Сначала пришла от него весточка из Берлина (эвон куда занесло!) — жив-здоров, того, дескать, и вам желаю. В конце пятого года уже из Москвы — жив- здоров. И тут же другим путем весть: в Москве революция. «А что Бедовый предсказывал? Года через два, говорил, через три. Так и есть!) Заставили царя особый манифест выпустить, а в нем народу всякие послабления, какие, сказать трудно, Сибирь на краю света, по Сибири пока амнистия арестантам — значит, вешай мужик замки на сусеки да спать ложись с топором.

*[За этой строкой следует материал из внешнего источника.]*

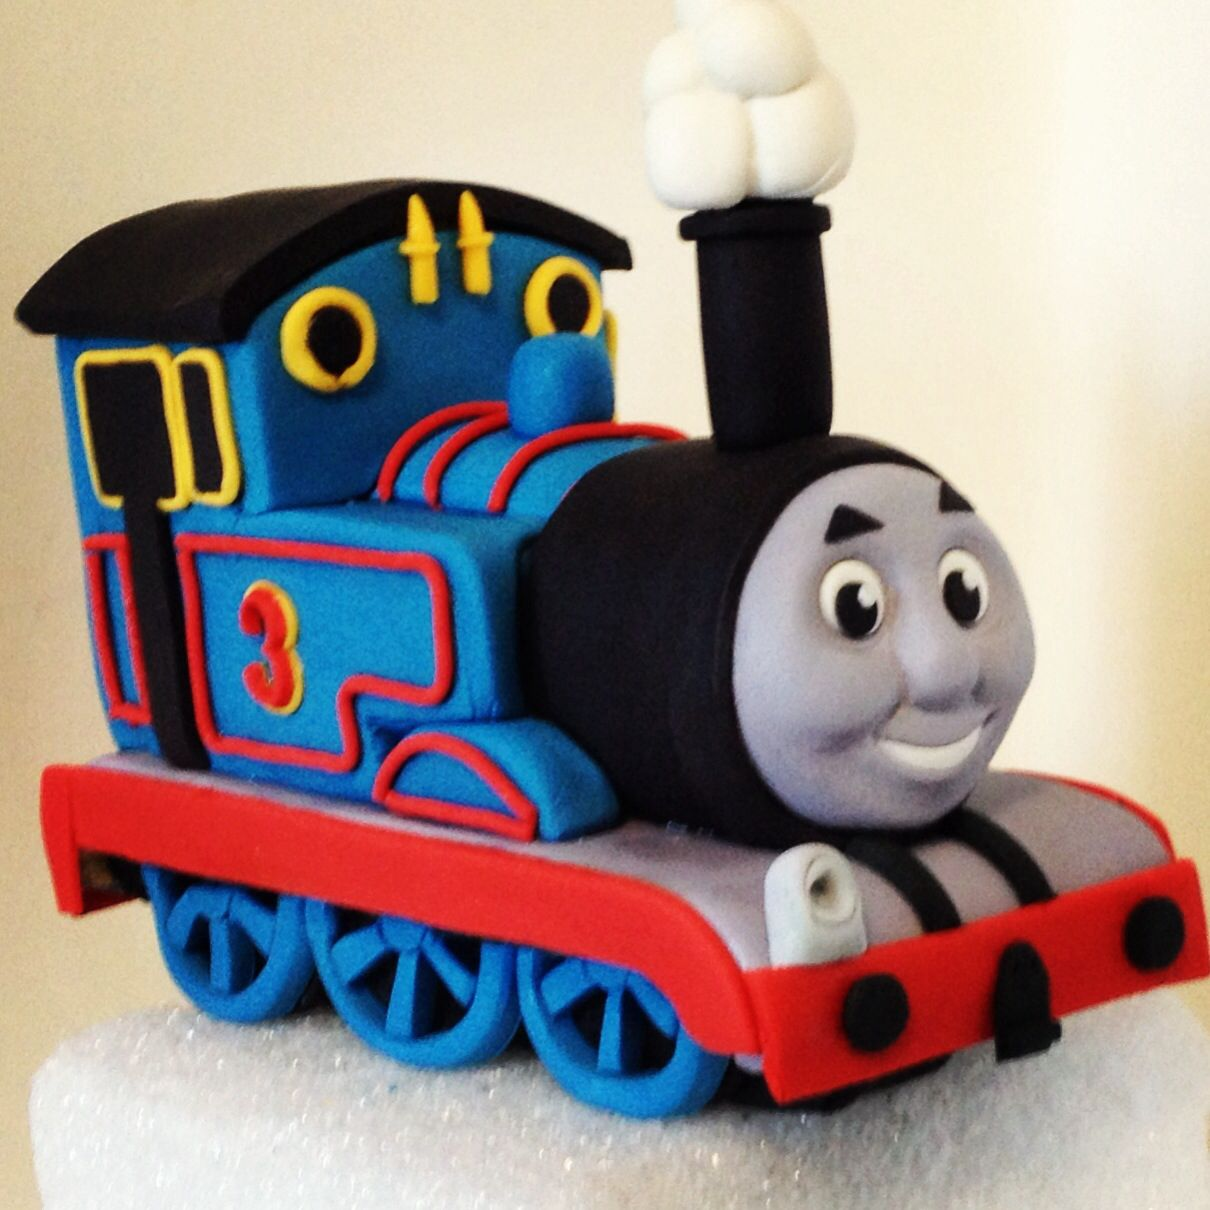 Thomas The Tank Engine Cake Topper Tutorial
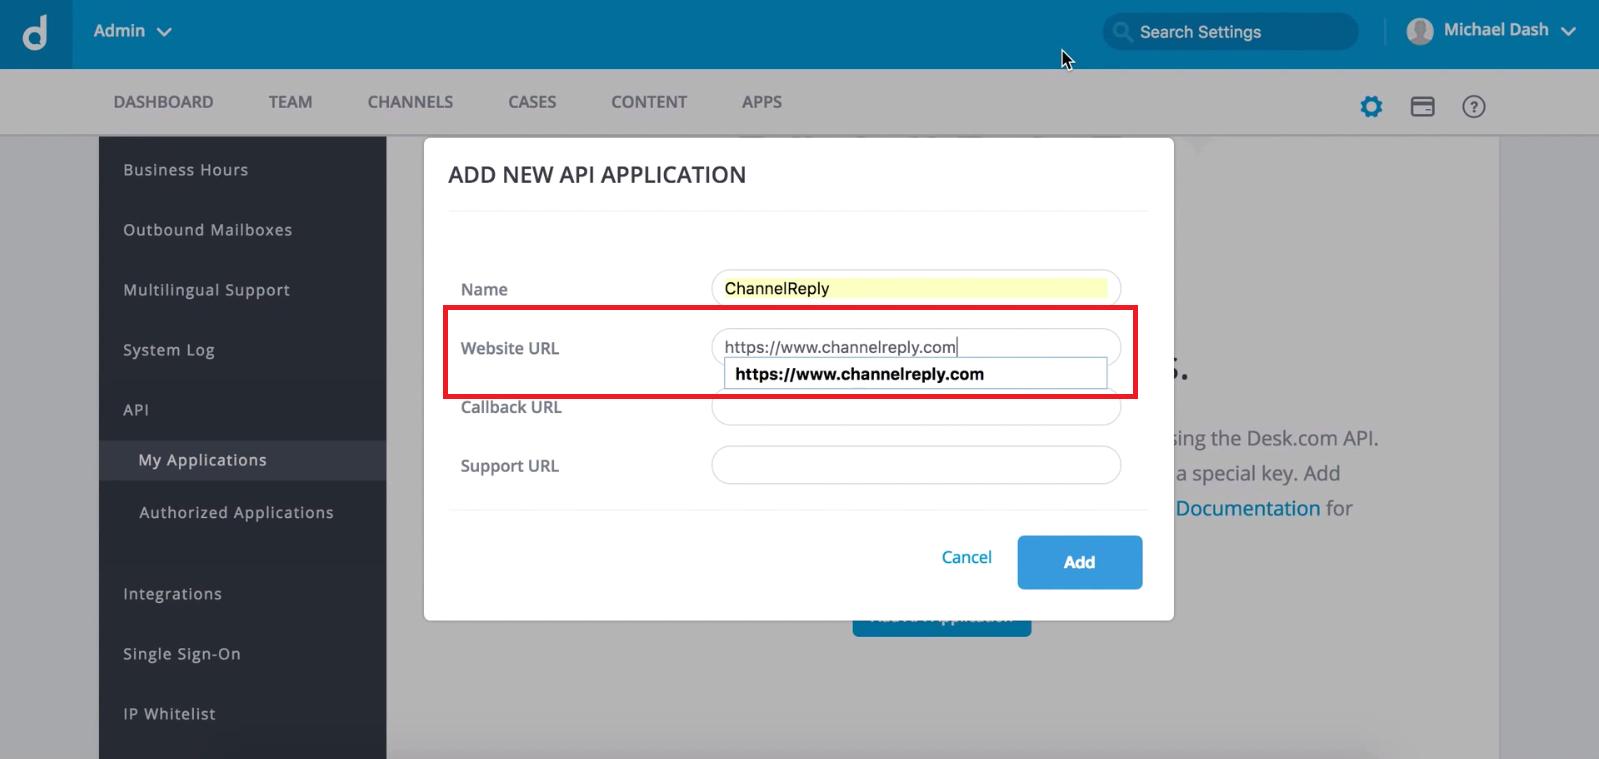 Add New Application Pop-Up

Задавили революцию и цареву манифесту ходу не дали, Бедовый опять пропал, и только в десятом году пришла от него весть из Англии, из города Манчестер. Денис уже учился, нашел на карте и Англию, и Манчестер, показывал отцу. Потом уж из Германии пришло письмо, из Лейпцига, летом, перед самой войной, когда у Марфуты мужа в солдаты взяли. Война качалась, замолчал Бедовый надолго. Отец гадал: за кого он воюет? За царя не пойдет, за германца тоже не о руки, так за кого еще? Ответ пришел весной семнадцатого — в Петербурге царя скинули. Только теперь признался отец Денису, да и перед селом не стал таить, что это он спас своего ссыльнопоселенца четырнадцать лет назад. А село и без его признания давно знало, шила в мешке не утаишь.
Много воды утекло, а помнилось все, как недавнее. Денис учился, рисовал, пилил, строгал, большие деньги загребал и все рвался в даль неоглядную.
Жила Сибирь своей самостоятельной жизнью, громы из России доходили притихшими, и неизвестно, какой стала бы тут жизнь дальше, если бы не появился, как его тут прозвали, Толчак. Старался-старался верховный правитель, да, видно, перестарался — отвернул Сибирь от себя, повернул Сибирь к Советам.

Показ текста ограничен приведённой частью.